Dive Brief:
- In a November report outlining its predictions for the U.S. hospitality market, professional services company PwC said occupancies, ADR and RevPAR will be increased year on year for 2023, though decelerating growth is expected in the fourth quarter and into 2024.
- The company predicted that demand growth will slow, ADR will gradually decelerate and RevPAR will continue to moderate in 2024.
- In May, PwC forecasted that changing macroeconomic conditions would have a “downstream impact” on hotel performance for the remainder of 2023 and into 2024. The company maintained that outlook in the November report, saying economic headwinds and geopolitical tensions will likely impact hotel performance through next year.
Dive Insight:
The U.S. hotel market will see annual performance growth for 2023, but growth is expected to decline in the fourth quarter and into 2024 due to economic headwinds and geopolitical tensions as well as changing traveler behavior, PwC’s November report details.

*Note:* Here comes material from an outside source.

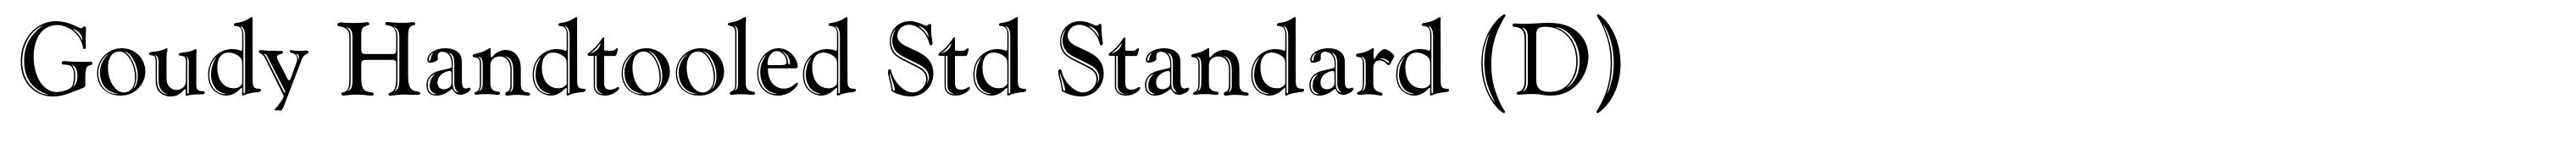 Goudy Handtooled Std Standard (D)
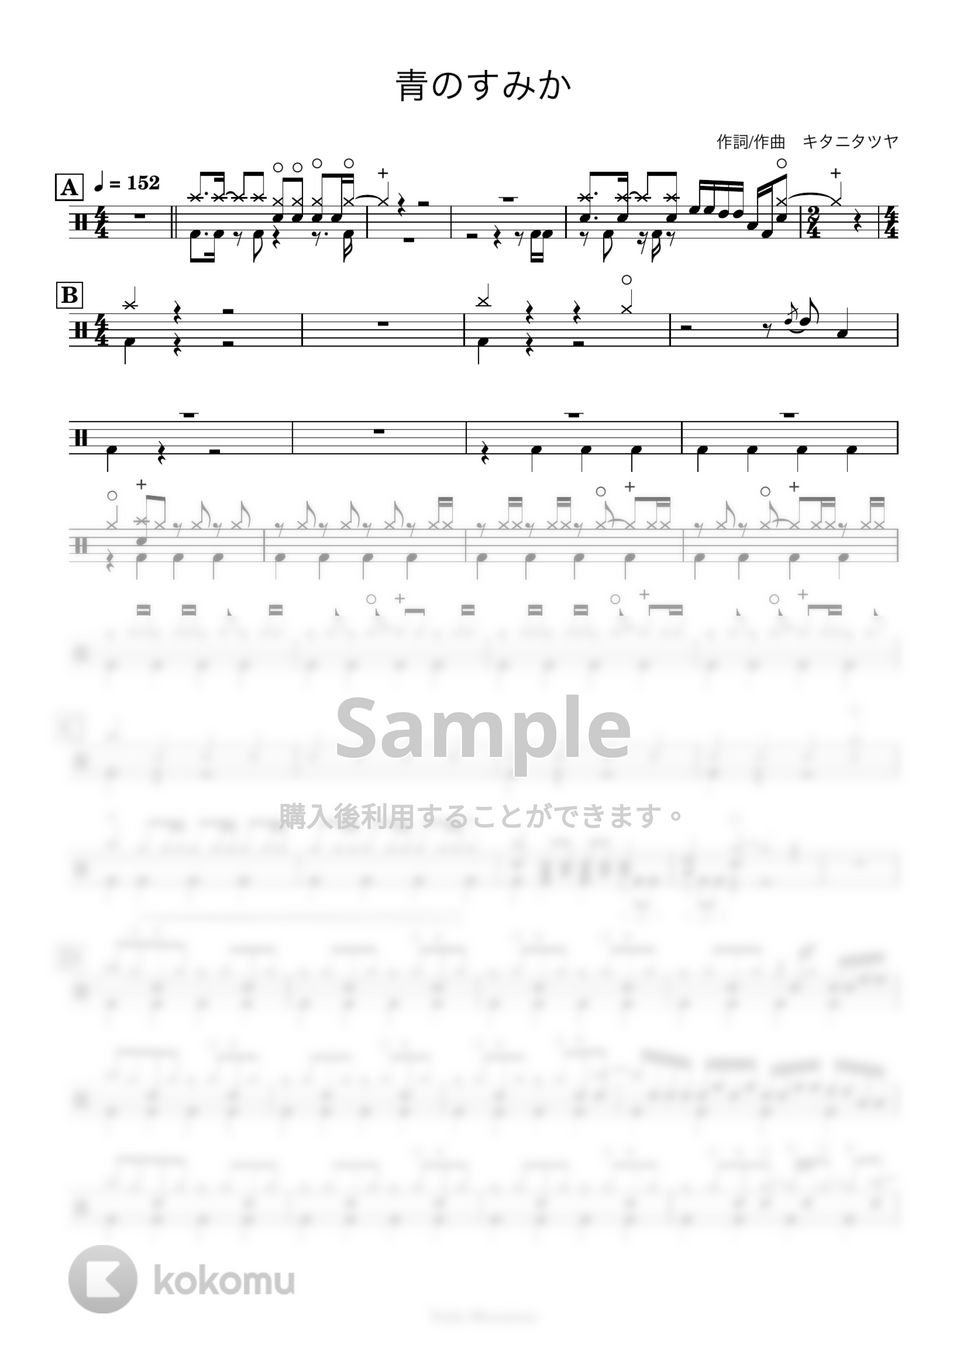 キタニタツヤ - 【ドラム譜】青のすみか【簡単アレンジ】 by Taiki Mizumoto

The Federal Reserve’s continued increases in its policy rate, continued declines in the public markets since early August and the ongoing Israel-Hamas war have begun to have a downstream impact on hotel demand, according to PwC.
Leisure demand specifically, while still strong, PwC said, began to soften in the second half of this year, as “other parts of the world continued to reopen their vacation destinations and leisure travelers began to once again feel safe traveling abroad.” Increases in individual business travel and group business have not yet been able to fully offset this softening.
Because of these factors, occupancy levels, which have declined in each of the past seven months, are expected to continue to be down during the remainder of this year and through at least the first quarter of 2024, PwC said.
Occupancy will stand at 63.2% in 2024, as a result of “sluggish demand growth” in the first half of the year that will pick up in the latter half, PwC predicts.
PwC also forecasts that growth in ADR will gradually decelerate throughout 2024 but still be up 2.4% at year-end. And RevPAR will continue to moderate during 2024, rising 2.7% year over year.
PwC expects to see a gradual rebound in hotel occupancy rates starting in the second quarter of 2024, along with RevPAR growth once again exceeding PCE inflation. This outlook, though, could be impacted by “the pace and magnitude of changes in the macroeconomic environment, as well as increasing geopolitical tensions,” PwC noted.